Si la pandémie ne conduit pas « au monde d’après », elle a en effet accéléré considérablement les mutations qui étaient en cours précédemment. Et l’on constate aux Etats-Unis, mais aussi en Europe, des pénuries de main-d’œuvre dans de nombreux secteurs, y compris dans les services à faible qualification, même si l’emploi global n’a pas retrouvé son étiage antérieur. Les salaires augmentent donc, parfois sensiblement, chez Mac Do comme dans les entreprises à forte valeur ajoutée. Pour attirer de nouveaux salariés comme pour les conserver. L’analyse macroéconomique peut ici donner de fausses indications si elle ne se concentre que sur des chiffres agrégés. Ajoutons encore que Biden souhaite, à juste titre, augmenter les petits salaires. Mais le rythme et l’intensité de ces augmentations sera déterminant. En outre, on a connu depuis quelques décennies, dans la plupart des pays de l’OCDE, une augmentation des salaires réels inférieure aux gains de productivité, soit une déformation du partage de la valeur ajoutée au détriment des salariés. Contribuant ainsi aux réactions populistes. Et conduisant à de possibles demandes à venir, plutôt tôt que tard, de progression plus vive des salaires.

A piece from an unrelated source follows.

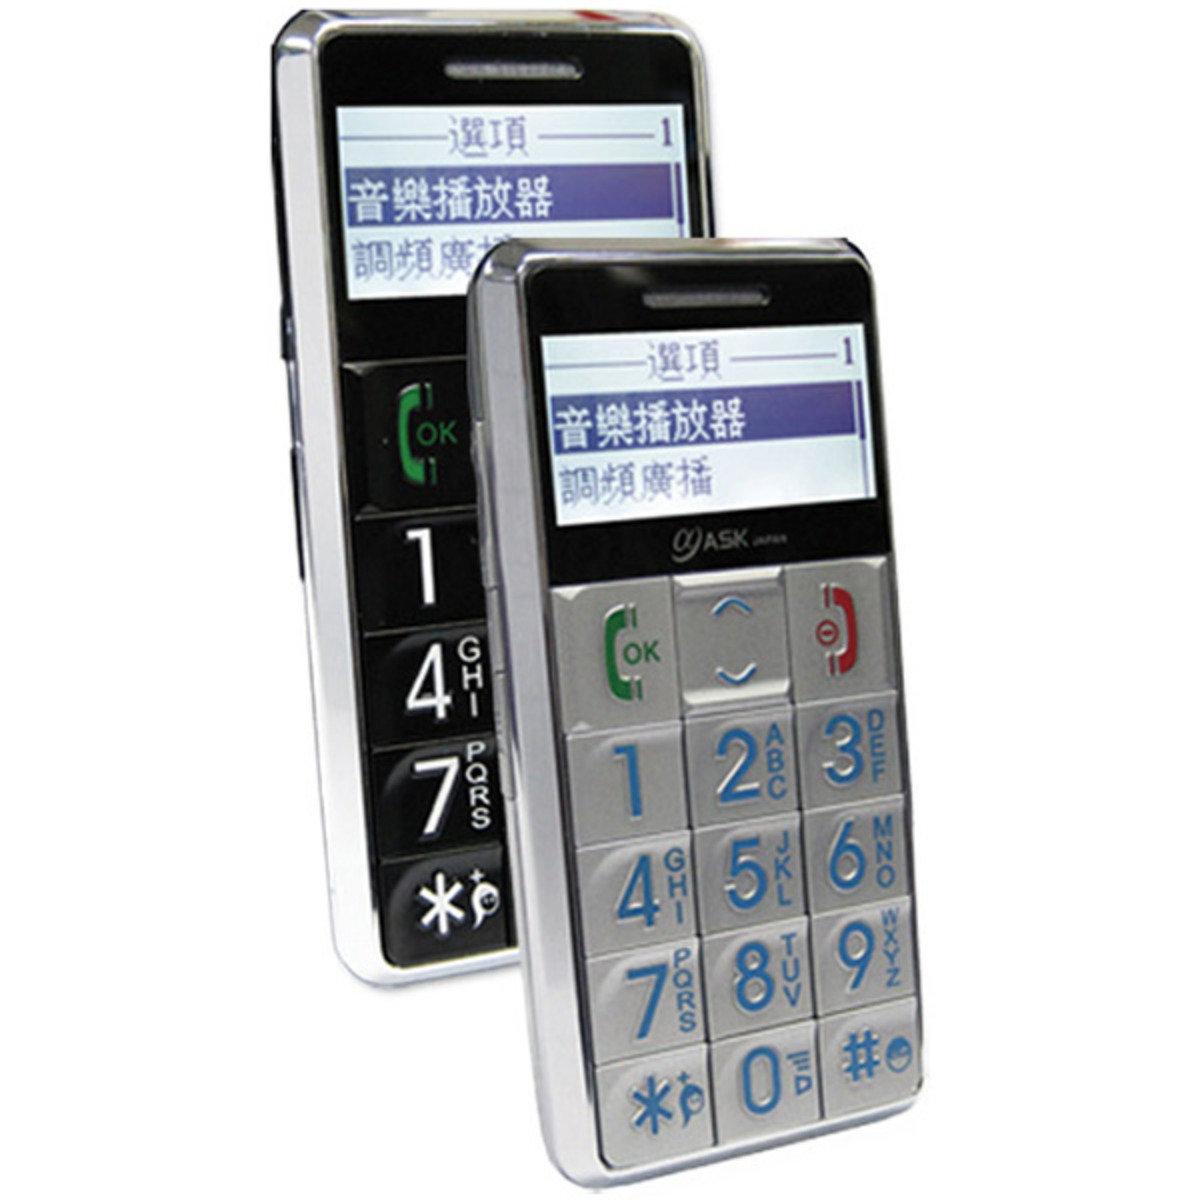 E999長者平安手機 ASW0012
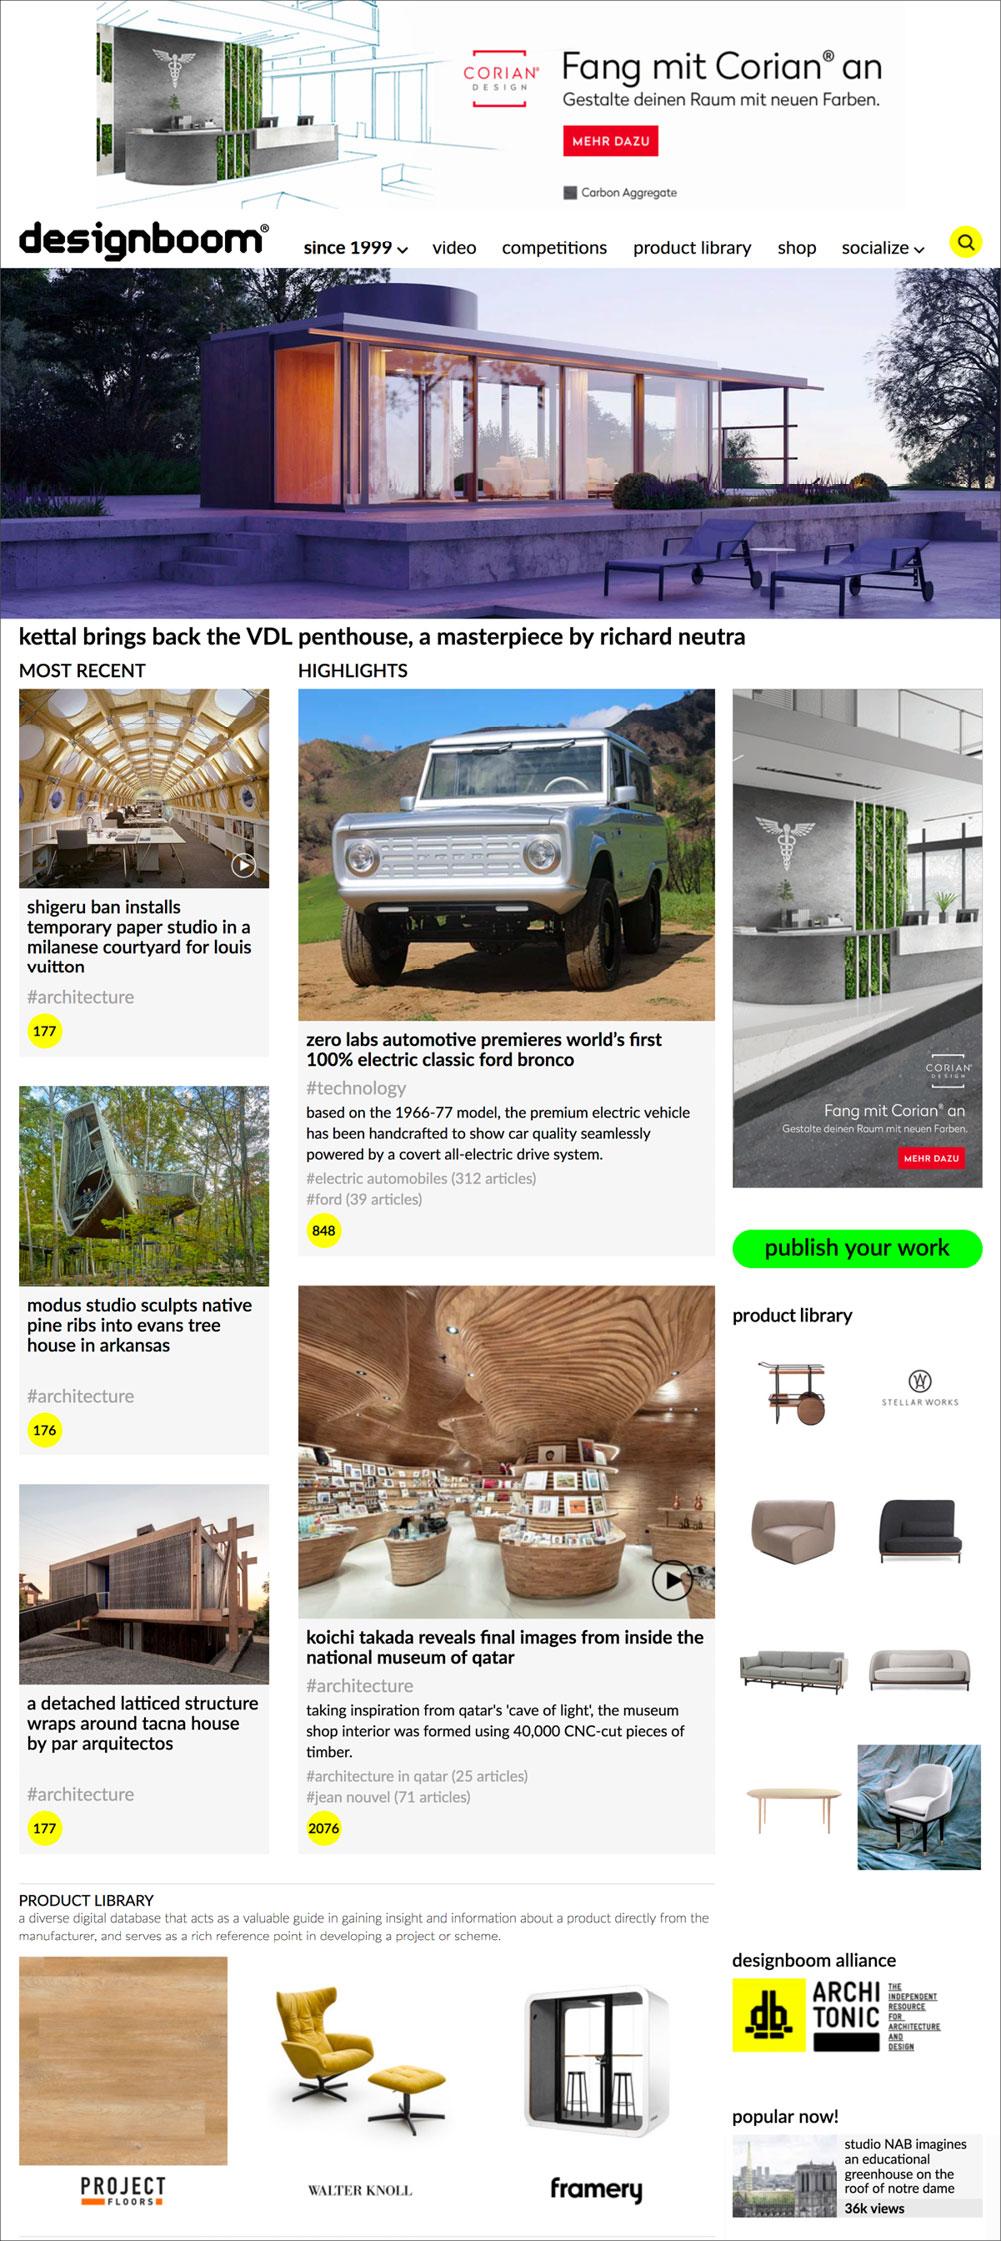 designboom_homepage.jpg

Avec les évolutions de l’histoire longue en toile de fond et les fortes mutations économiques et de l’emploi en cours, le très fort rebond de l’économie et la montée sensible des prix en résultant pourraient, le cas échéant, et si la pandémie ne resurgit pas, enclencher une nouvelle indexation des salaires sur les prix, puis une boucle d’indexation qui pourrait ainsi entraîner le monde dans un nouveau cycle de régime inflationniste. Le coût croissant de la nécessaire transition énergétique pourra également peser sur une hausse durable des prix. Rien n’est certain, loin de là, mais le cas n’est plus à exclure.

Gageons cependant que les banques centrales, affichant ainsi leur indépendance vis-à-vis des Etats comme des marchés financiers, agiraient alors, lorsque la croissance sera revenue sur sa tendance de moyen terme, pour stopper un tel retour à un régime inflationniste. Les augmentations de taux d’intérêt qui en résulteraient seraient d’ailleurs bienvenues pour freiner les bulles spéculatives en plein développement actuellement. Mais ceux des Etats ou des entreprises qui sont très endettés devraient alors s’y préparer au mieux, en agissant structurellement sur leur trajectoire de solvabilité.